Many of us associate slip and fall injuries with wet winter months, but in fact the summer can pose a number of tripping hazards:

1) Overgrown plants, weeds, and hedges. Trailing weeds and plants can be a slip and fall hazard and can lead to serious personal injuries such as head injuries, broken bones and other serious problems. Always keep plants well cut and make sure that walkways, stairs, and sidewalks are clear.

2) Wet leaves. Wet leaves and grass cuttings quickly become slippery and dangerous. After raking or mowing your yard, always store leaves and cuttings in a compost pile or in a plastic bag for disposal.

3) Fresh paint on sidewalks, walkways and stairs. Fresh paint is surprisingly slippery, especially on asphalt. Place “wet paint” caution signs around a freshly painted area and as soon as the area is dry add no-slip strips.

4) Repair work. Summer is often the time when we repair decks and the exteriors of our homes. Unfortunately, the process can mean that bits of debris, tools, and other tripping hazards end up on our yards. If you are having repair work done, make sure that you select an insured, responsible company. If you are doing some DIY work, carefully clean up after your work is done for the day. Place signs around the affected area, warning visitors of the construction being done.

5) Evening get-togethers. Evening barbeques, parties, and events bring visitors to your home. However, to keep your visitors safe you need to make sure that sidewalks and walkways are clear and well-lighted. You also need to keep evening pests to a minimum. If you serve alcohol, make sure that each of your guests can get home safely.

6) Toys and tools left outside. Children playing outside often leave toys outside. Adults will sometimes leave books, tools, and other items on a lawn or in a yard. Get into the habit of regularly picking up items left outdoors. Create an activity area away from sidewalks and walkways, if possible, where toys and tools can be used.

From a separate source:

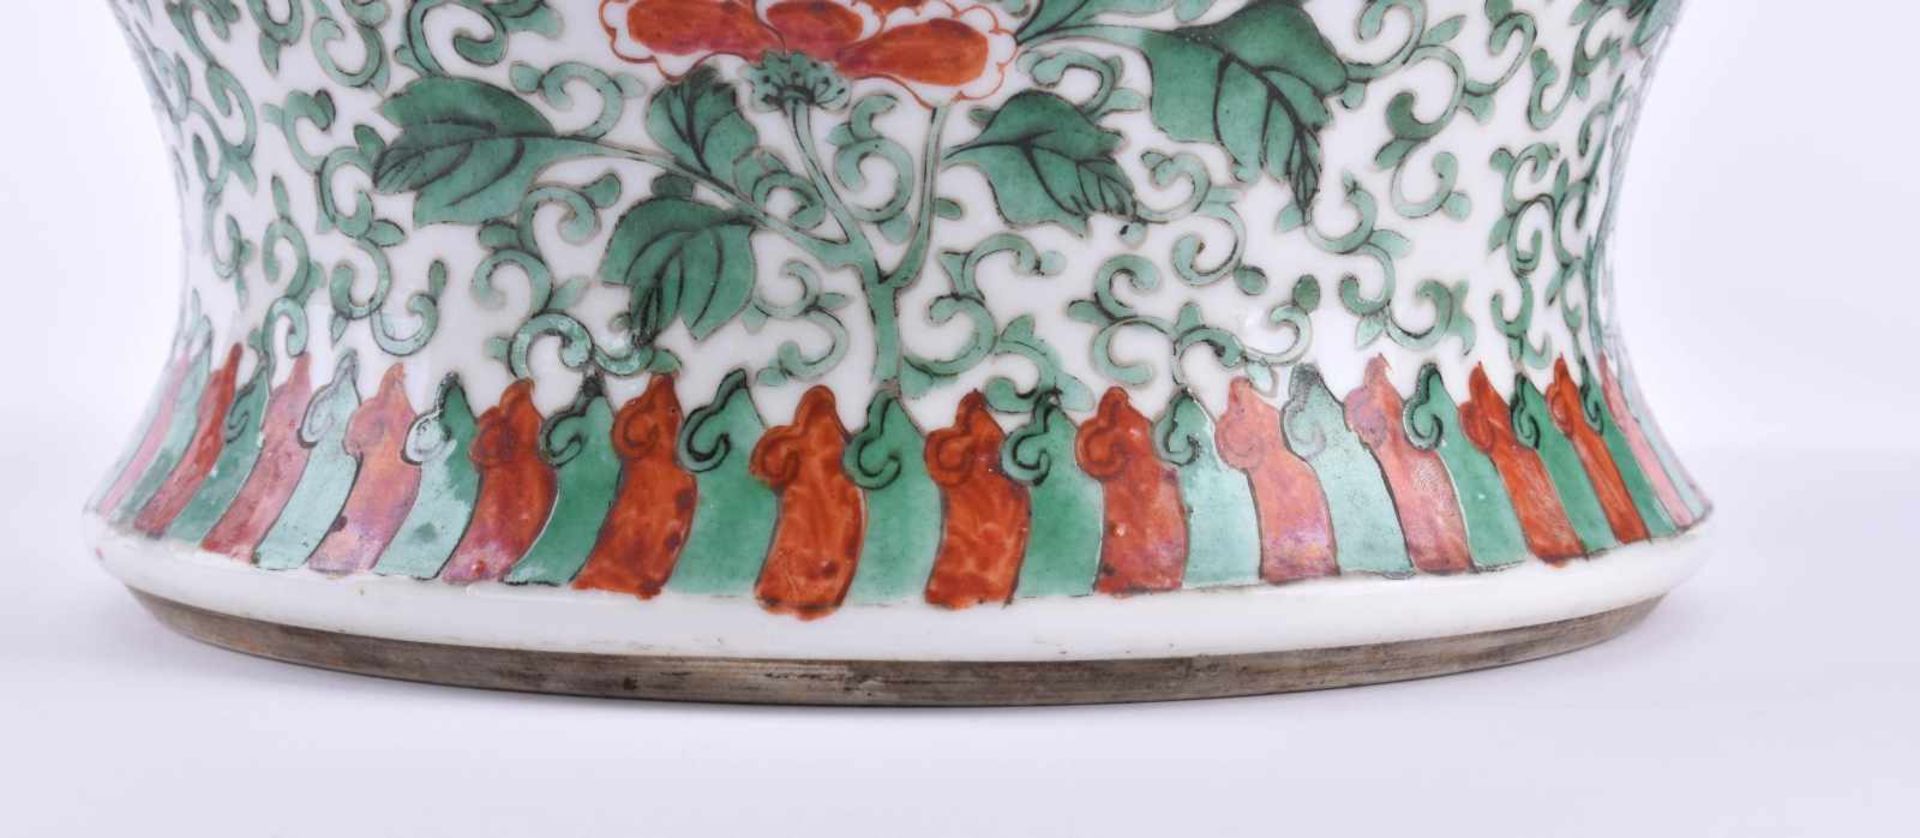 Famille Verte shoulder pot China Qing period, Daoguang?circumferential painted in different colors - Image 6 of 8
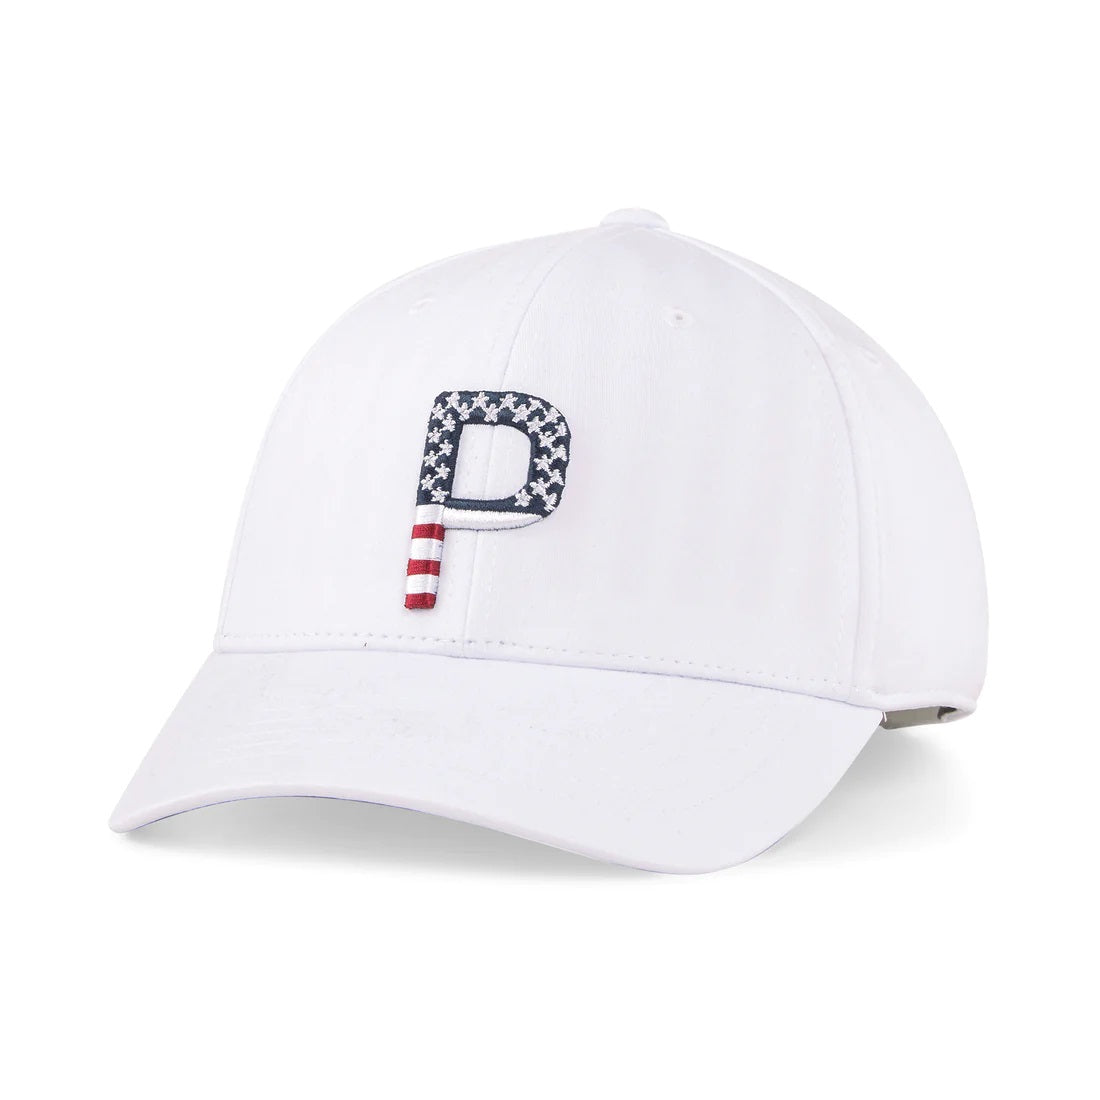 Puma Pars And Stripes P Classic Adjustable Hat Bright White (On-Sale)

7) Gardening. Gardening poses a number of tripping hazards. Newly-dug holes for plants and plant beds can pose a tripping hazard, as can garden hoses, small decorative pots placed by walkways and even small plants. Even garden gnomes, stepping stones and small stone decorations can cause tripping. When gardening, keep walkways clear and always clearly mark new holes or dangers in your yard.